Em meados do ano passado, enquanto as manifestações populares tomavam as ruas do país, a cineasta Flavia Moraes percorria os Estados do Sul – indo a universidades, bares e baladas – para ouvir o que os jovens pensavam sobre a internet, especialmente seu impacto na comunicação. O objetivo era detectar as mudanças de comportamento do público e ajudar o Grupo RBS, que encomendara o trabalho, a criar estratégias para a era digital. Um documentário de duas horas, com exibição restrita a executivos e profissionais da companhia, era o resultado esperado. Ao longo dos meses, porém, o trabalho ganhou um escopo muito maior, reflexo da complexidade do tema. Batizado de “Communication (R)Evolution”, o levantamento traz, agora, 300 horas de vídeo, com relatos de 150 pessoas. A lista inclui convidados ilustres como Vint Cerf, um dos criadores da internet; Robert Denton, diretor da Biblioteca de Harvard; e o futurologista James Canton, que colabora com a Apple e a Casa Branca.

“Juntamos um acervo que não fala somente de comunicação, mas do comportamento da sociedade”, diz Eduardo Sirotsky Melzer, presidente da RBS. O grupo reúne negócios de televisão, rádio, jornal, meios digitais e educação executiva. Controla as afiliadas da Rede Globo no Rio Grande do Sul e em Santa Catarina e é proprietário do jornal “Zero Hora”.

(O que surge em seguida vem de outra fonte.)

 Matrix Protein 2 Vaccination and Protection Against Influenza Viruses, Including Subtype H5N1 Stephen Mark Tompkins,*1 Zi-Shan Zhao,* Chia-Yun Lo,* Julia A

À medida que o material se acumulava, ficou claro para os realizadores que era preciso mudar o formato original – e, principalmente, compartilhar os resultados com o público. “[A pesquisa] extrapolou a figura de investigação empresarial e ganhou a dimensão de documento histórico”, diz Flavia, que fez carreira na publicidade e no cinema, antes de juntar-se à RBS, em setembro, como diretora-geral de inovação e linguagem. Até a ideia de editar o material, como se pensava a princípio, foi revista. “O simples fato de fazer uma edição poderia enviesar a discussão para um lado ou outro”, justifica Melzer.

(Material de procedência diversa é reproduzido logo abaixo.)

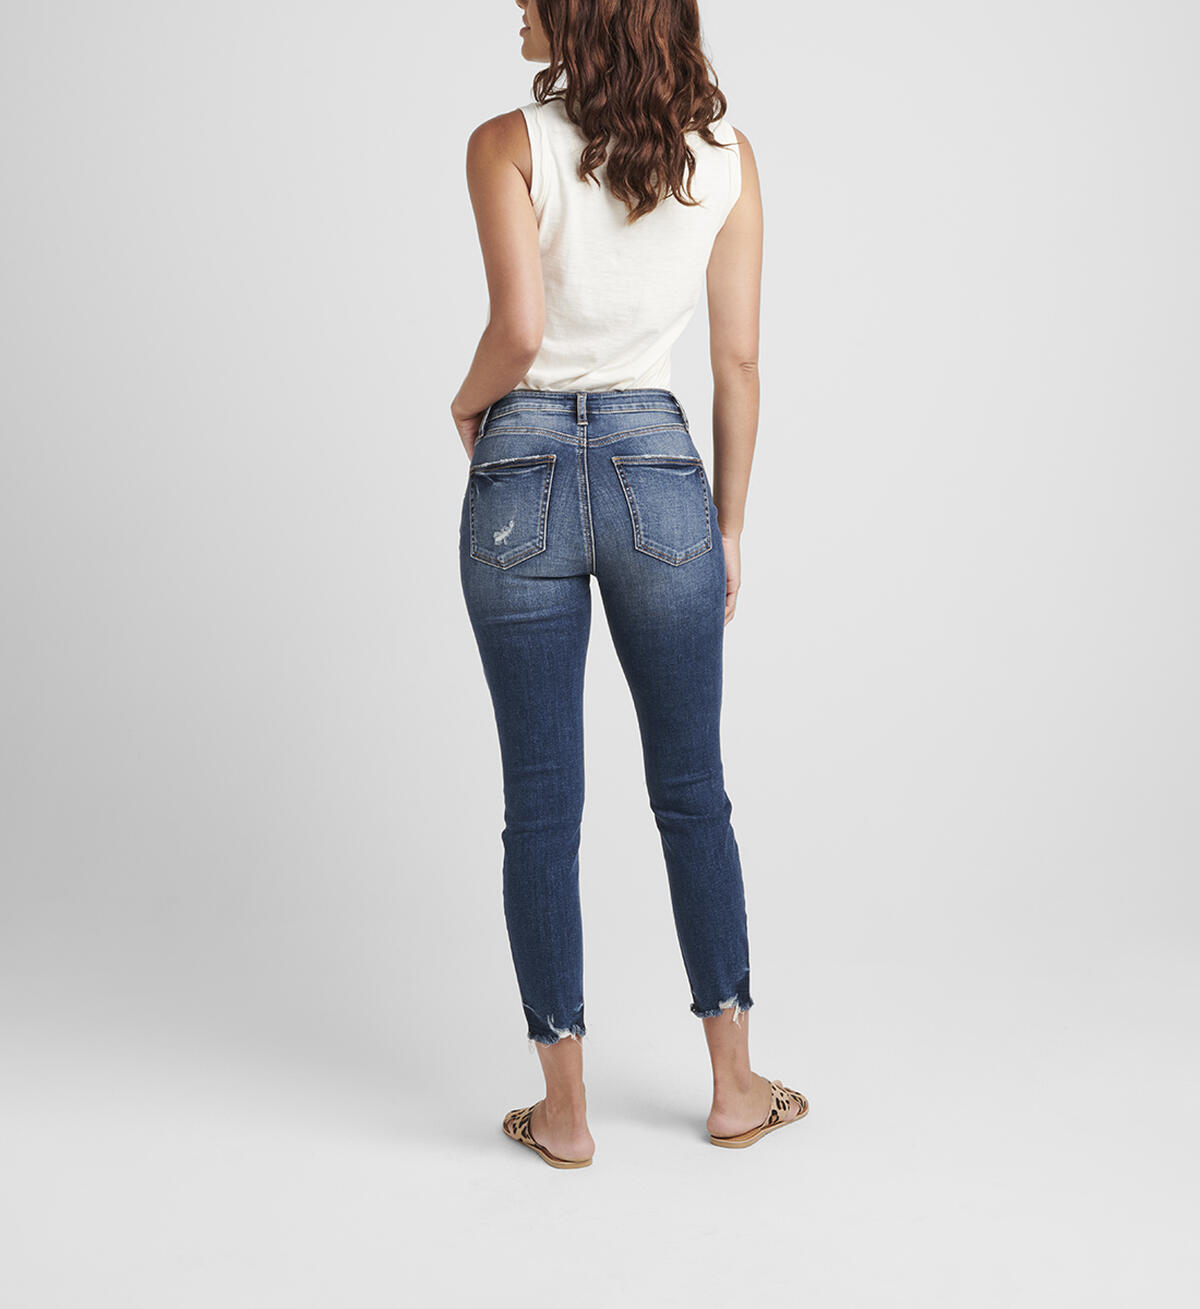 Avery High Rise Skinny Crop Jeans, , hi-res image number 1

A decisão foi transformar a investigação em uma iniciativa permanente. O conteúdo será colocado em um site, cuja apresentação vai ocorrer amanhã, durante um evento em Porto Alegre, o Vox, para 400 convidados. Na internet, qualquer pessoa terá acesso aos vídeos. Ferramentas de compartilhamento serão acrescentadas ao longo do tempo para estimular que os próprios visitantes dividam suas opiniões sobre os assuntos expostos.

“Momentos de indefinição”

O “Communication (R)evolution” está dividido em 11 premissas. As pessoas podem assistir ao depoimento integral de cada convidado ou ver o que vários deles disseram sobre um tema.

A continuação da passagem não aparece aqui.